Local charities and community groups have done an amazing job reaching out to those in need but clearly they need funding to enable them to continue their work and, in the context of this emergency situation, they need to access this funding quickly and with minimal effort. The important thing at the moment is ensuring that vulnerable people have access to food and essentials, not filling in endless funding application forms in the hope that a small percentage of them are successful; or applying for funding knowing a decision won’t be made for a further six months.
"With such a large pool of funders reviewing every application, charities maximise their chance of being supported but with minimal time and effort."
The benefits of this collaborative effort doesn’t only lie with the applicant charities though. All funders agree to a cooperative and joined up effort, which sees us working together to sift thousands of applications and share information to reduce duplication of work. This saves each funder hours and hours of time and speeds up the decision-making process, meaning our money can be given more efficiently and effectively. Funders have a huge amount of collective knowledge, expertise and resources, and the success of the London Community Response has demonstrated how willing they are to share, advise and collaborate if asked.
"We want to support as many important and impactful projects as we can but are limited by who asks for our help, so having access to thousands of applications is an amazing way to build new partnerships."

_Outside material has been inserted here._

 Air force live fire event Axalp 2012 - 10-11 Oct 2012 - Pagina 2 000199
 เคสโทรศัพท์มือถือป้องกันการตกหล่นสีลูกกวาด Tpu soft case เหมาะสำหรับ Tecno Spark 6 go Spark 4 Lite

We hope that being part of the London Community Response means the Vision Foundation will be able to reach more organisations who perhaps haven’t heard of us before or thought to apply previously. As a small charity that re-branded late last year (we were formally the Greater London Fund for the Blind), we know we have some way to build awareness of our existence and what we do. We want to support as many important and impactful projects as we can but are limited by who asks for our help, so having access to thousands of applications is an amazing way to build new partnerships.
Looking ahead, we are hopeful that many more charities who have not already applied to the London Community Response Fund will decide to do so. My plea to smaller charities that may not have dedicated, professional fundraisers or may not have experience of grant funding is not to be put off applying. The old adage “if you don’t ask, you don’t get” springs to mind and in this case, it applies as much to asking for help with applying as it does to asking for money. Grants Managers are on hand if you need help with your application, including if you have accessibility needs.
"We want to reach as many blind and partially sighted people as possible and to achieve this, we want to work collaboratively with frontline charities as effectively as we have done with other funders."